● Work to be completed: Return every line of the data below exactly, but do not include the images.

● Input data:
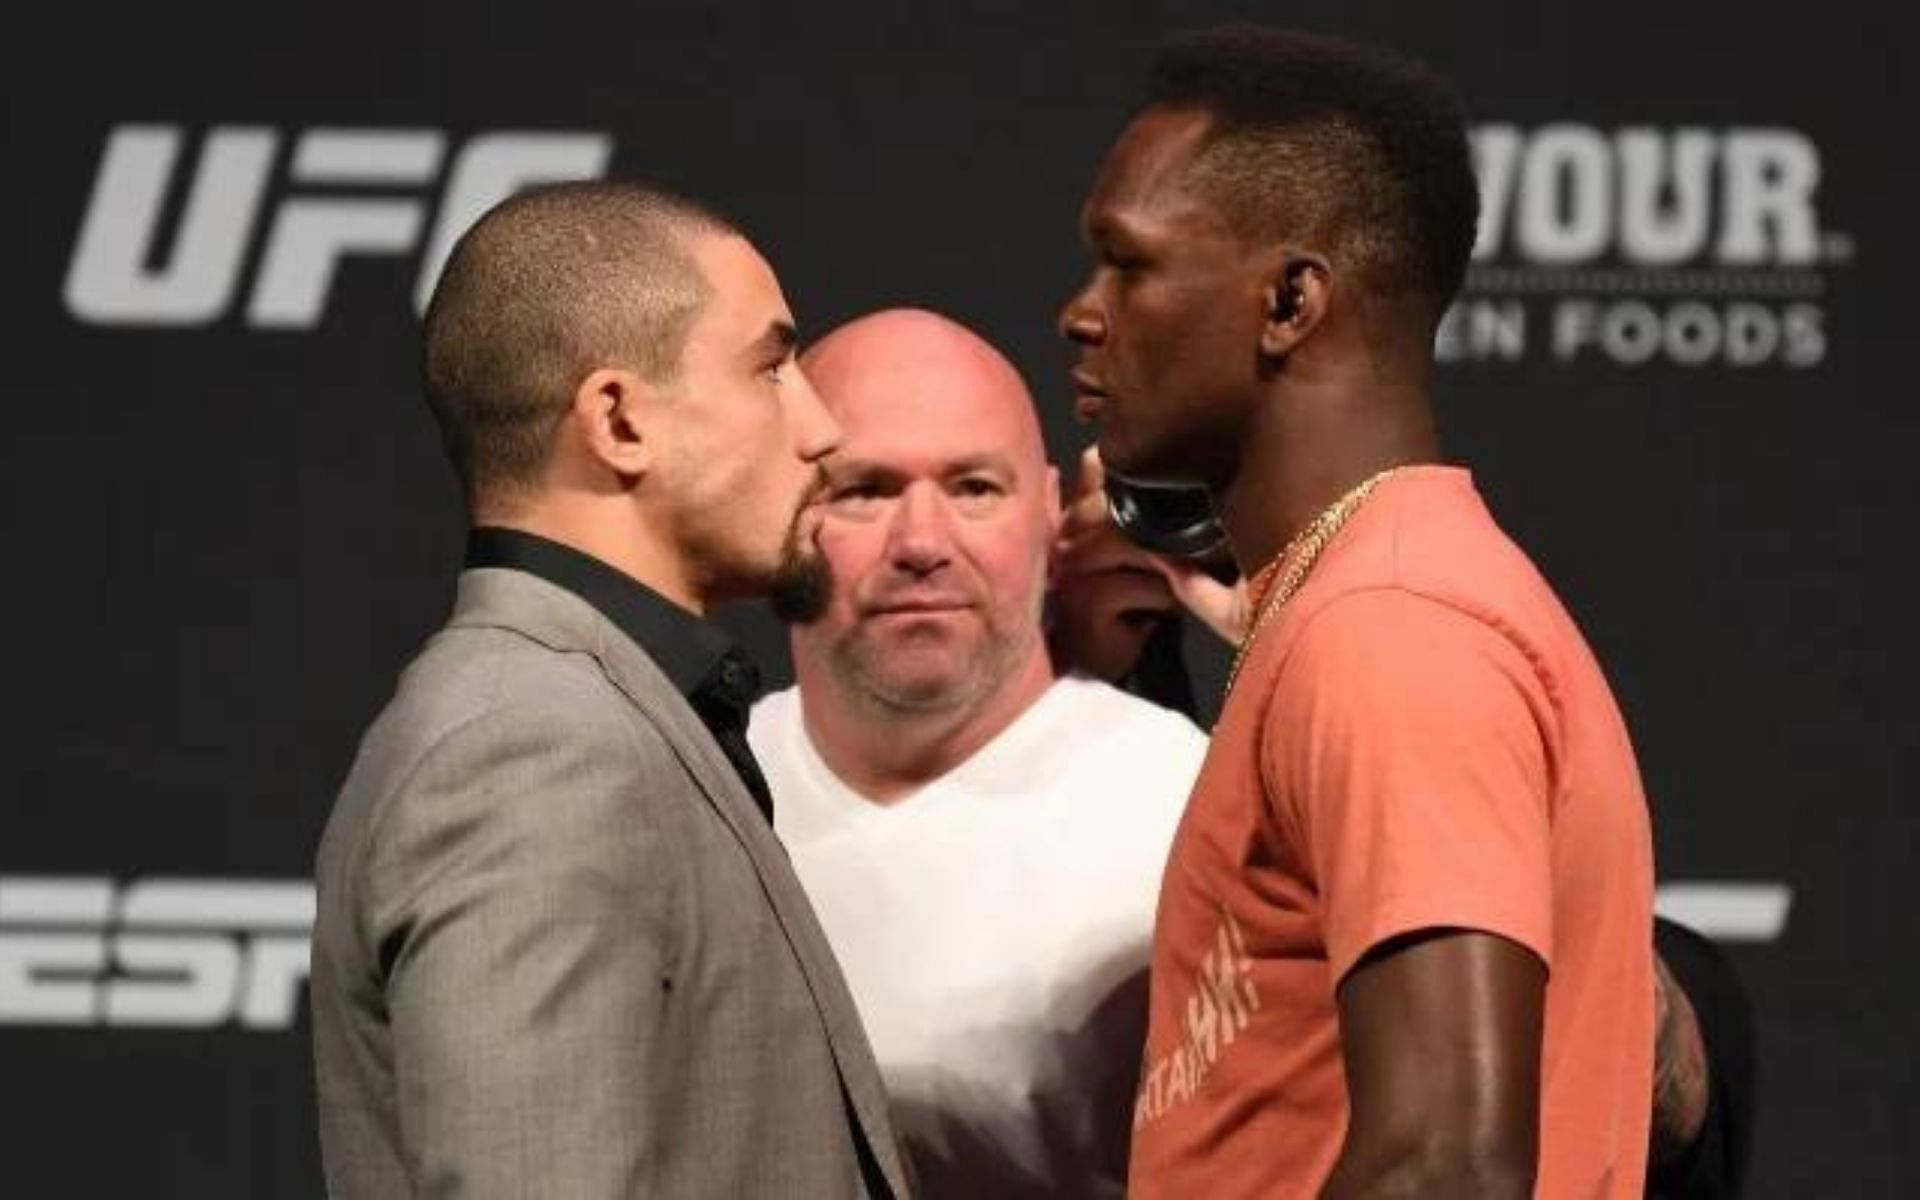 Robert Whittaker and Israel Adesanya face off before their first fight at UFC 243
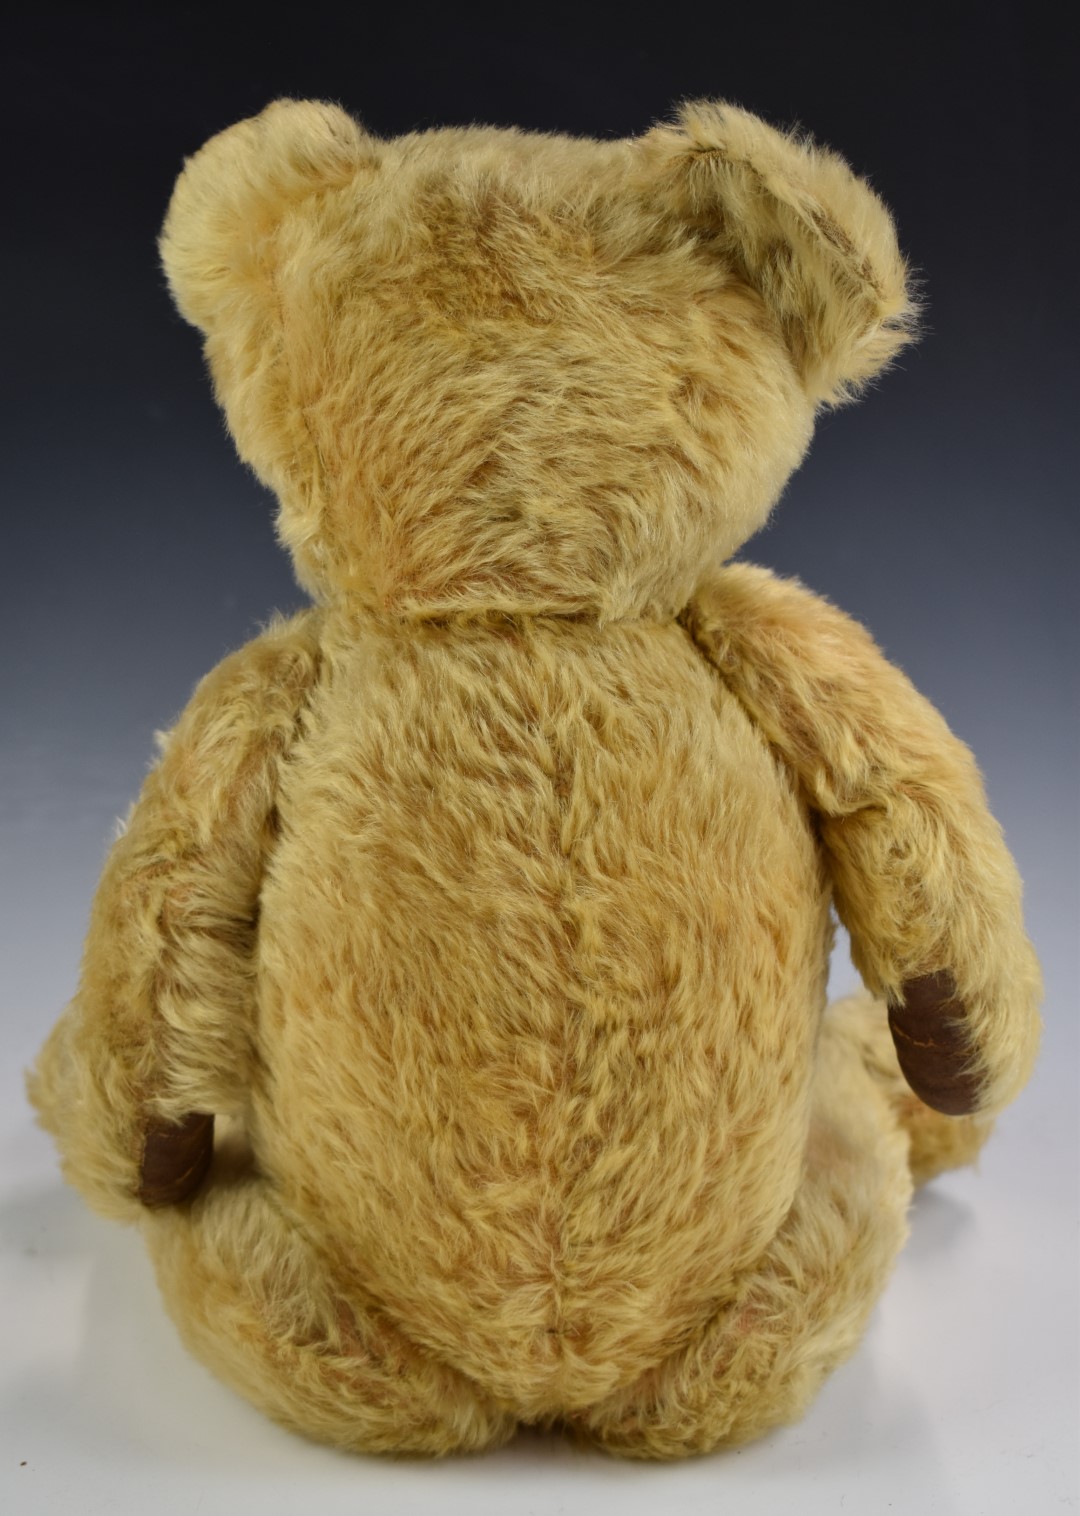 Fadap French Teddy bear with golden mohair, straw filling, disc joints, leather pads and stitched - Image 3 of 4
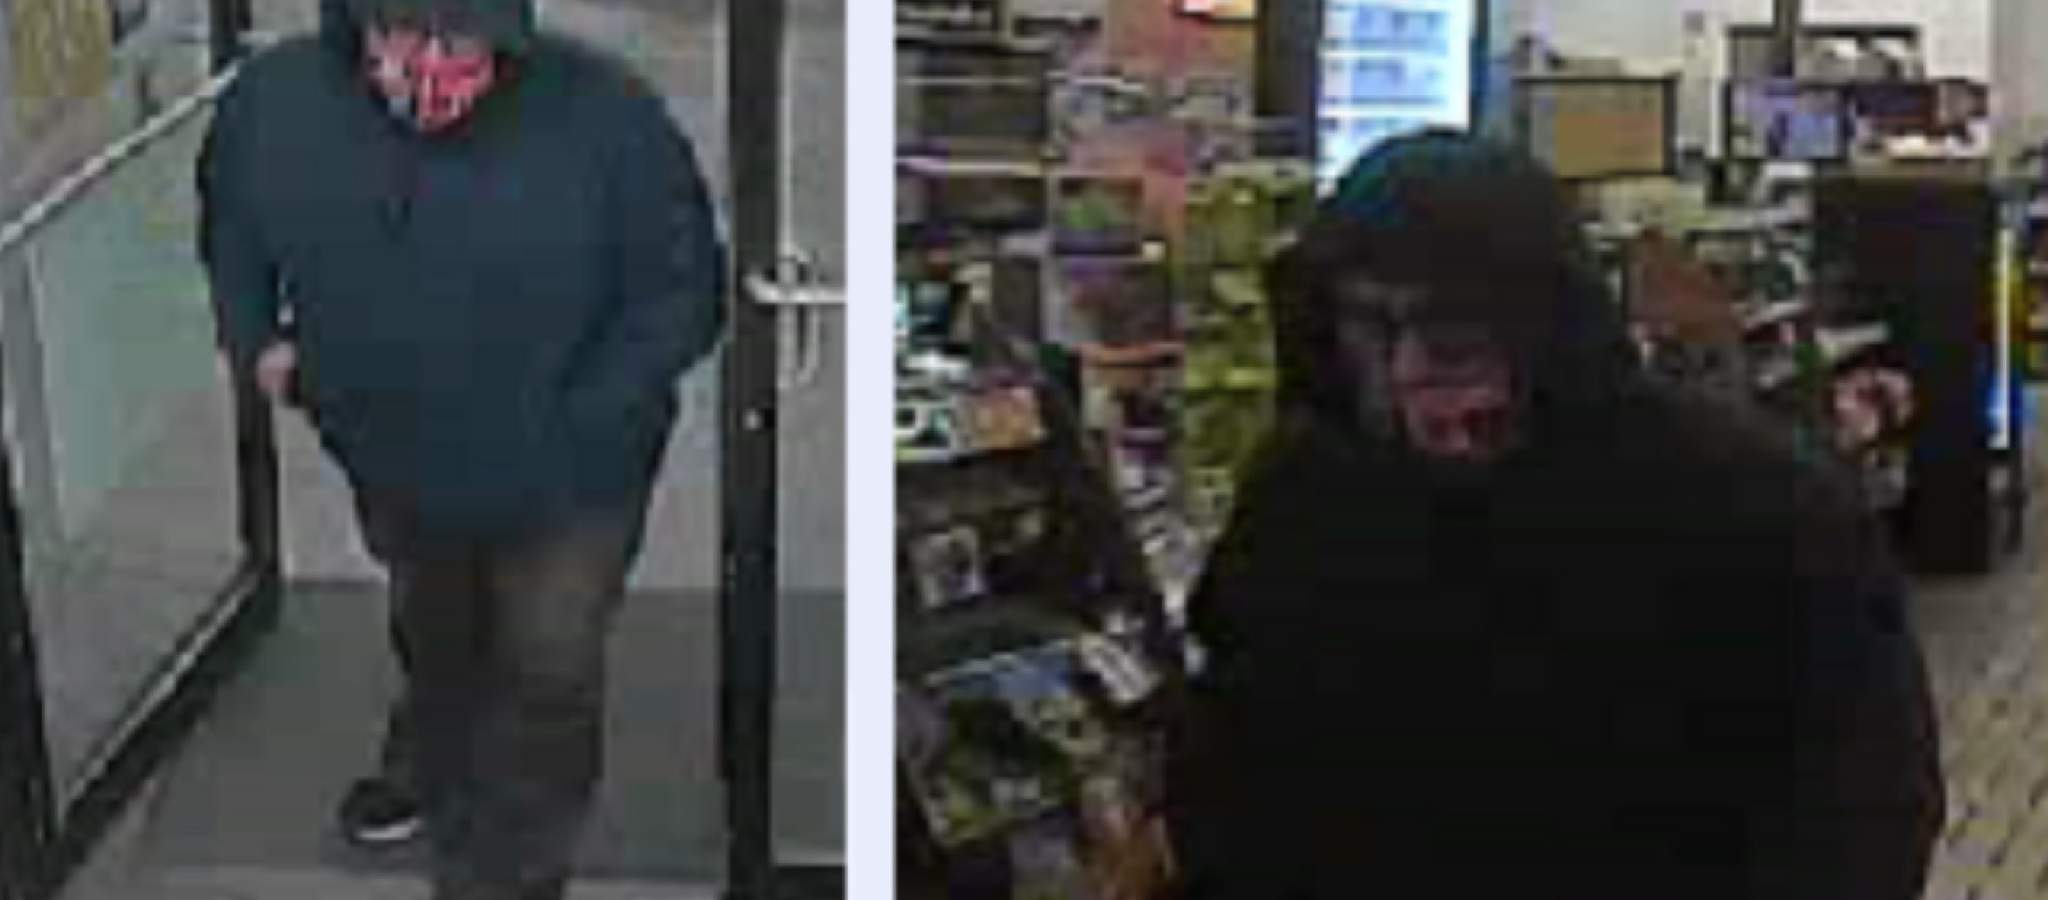 Recognize him? Police, Crime Stoppers seek suspect in robbery of Circle K convenience store
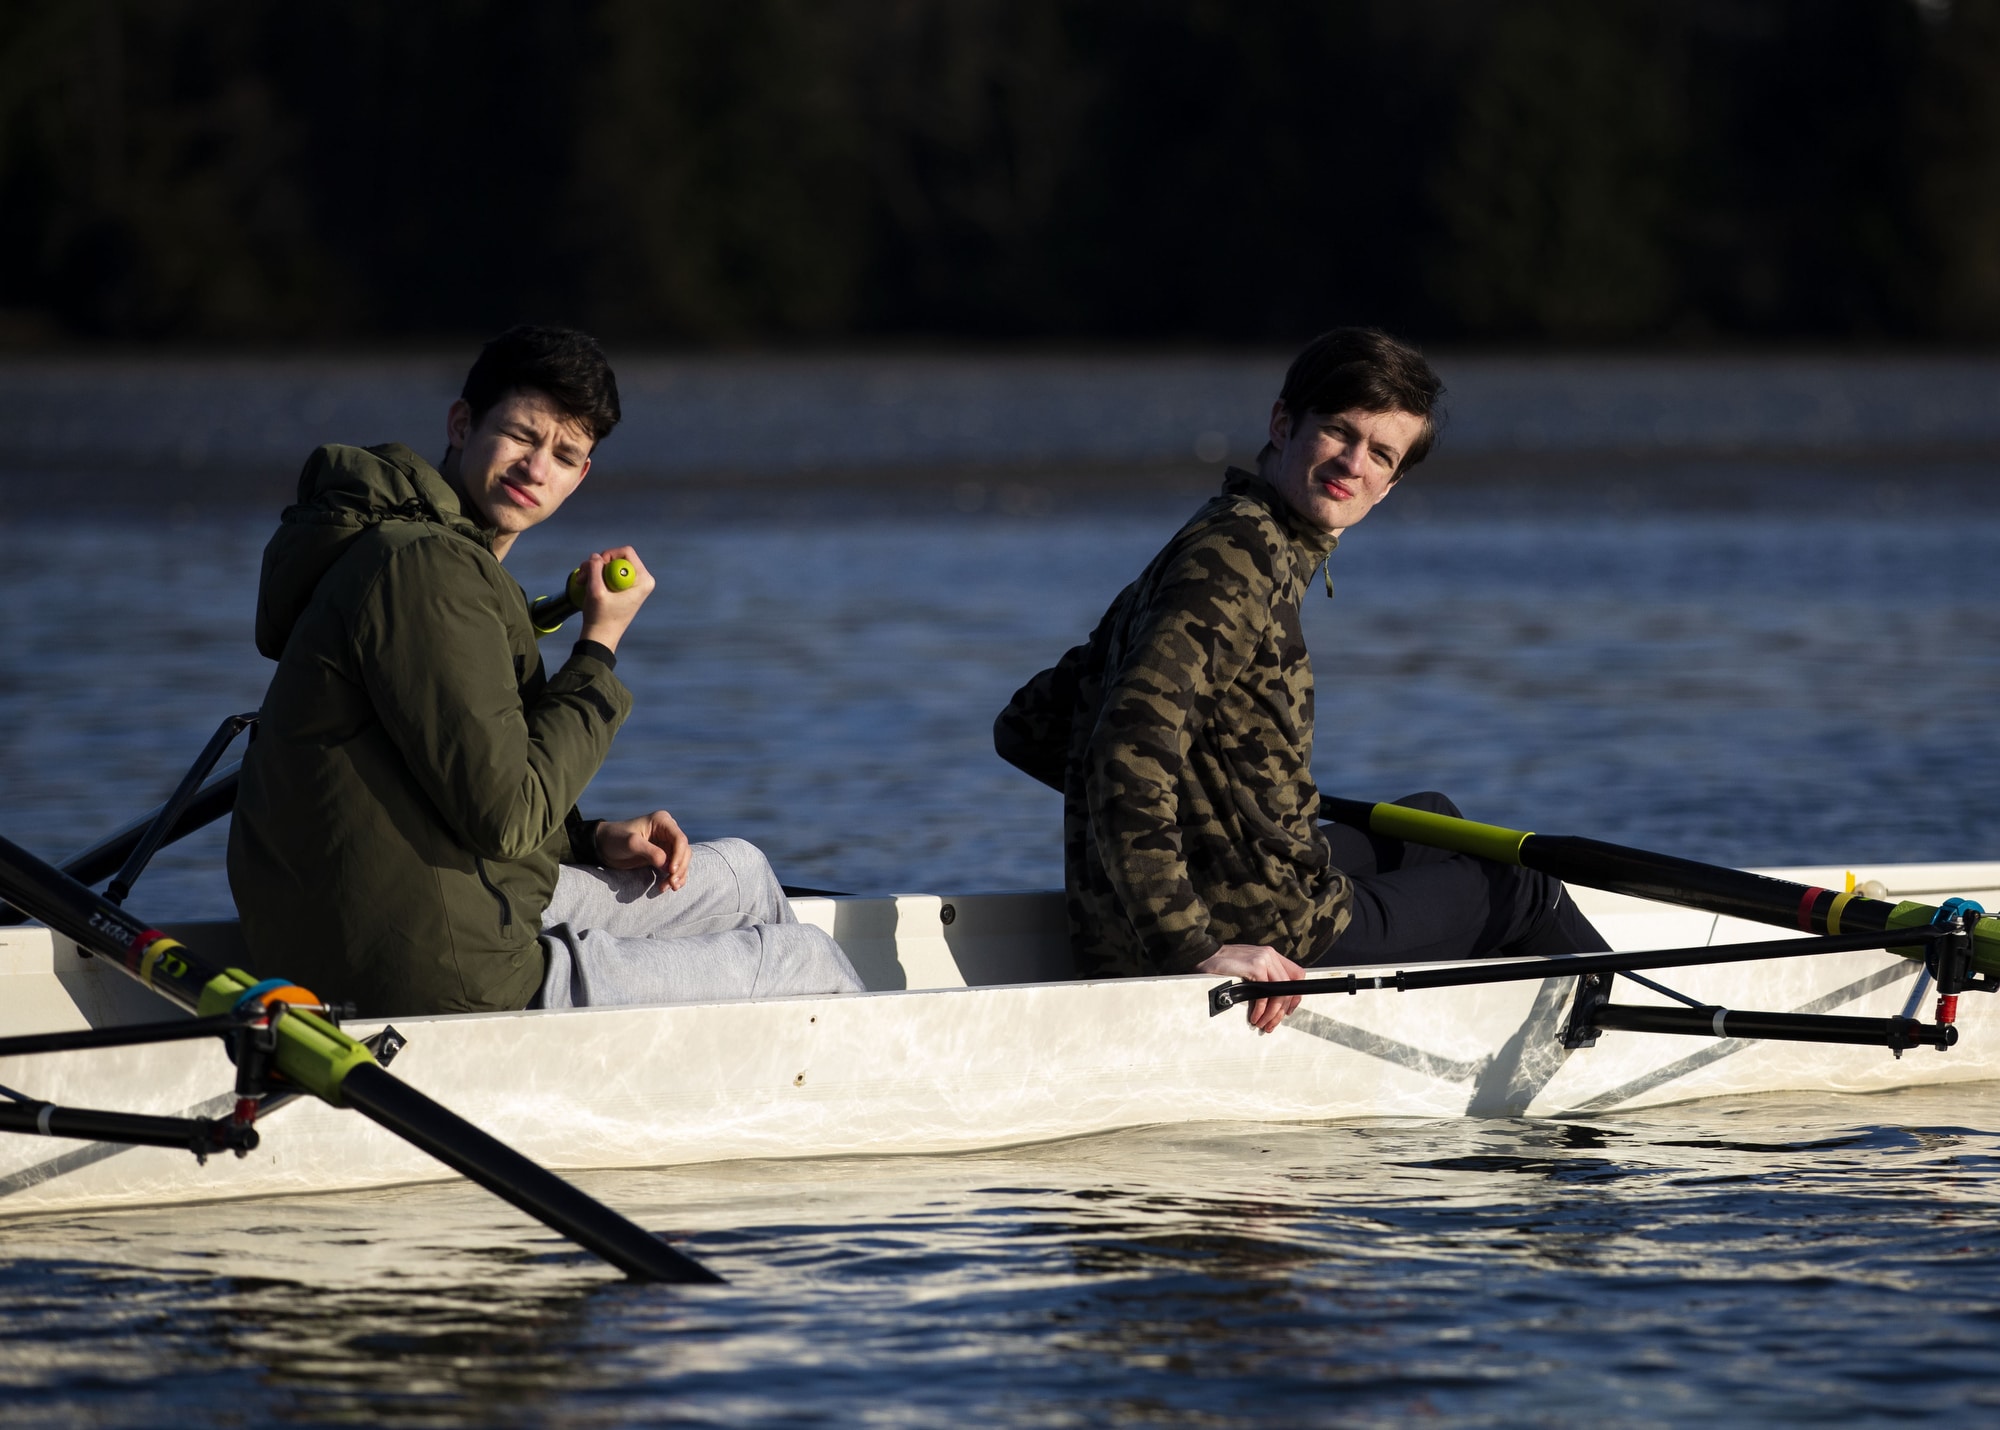 Learn-to-Row Program for Displaced Ukrainian Youth

● Answer space:
 Robert Whittaker and Israel Adesanya face off before their first fight at UFC 243
 Fadap French Teddy bear with golden mohair, straw filling, disc joints, leather pads and stitched - Image 3 of 4
 Recognize him? Police, Crime Stoppers seek suspect in robbery of Circle K convenience store
 Learn-to-Row Program for Displaced Ukrainian Youth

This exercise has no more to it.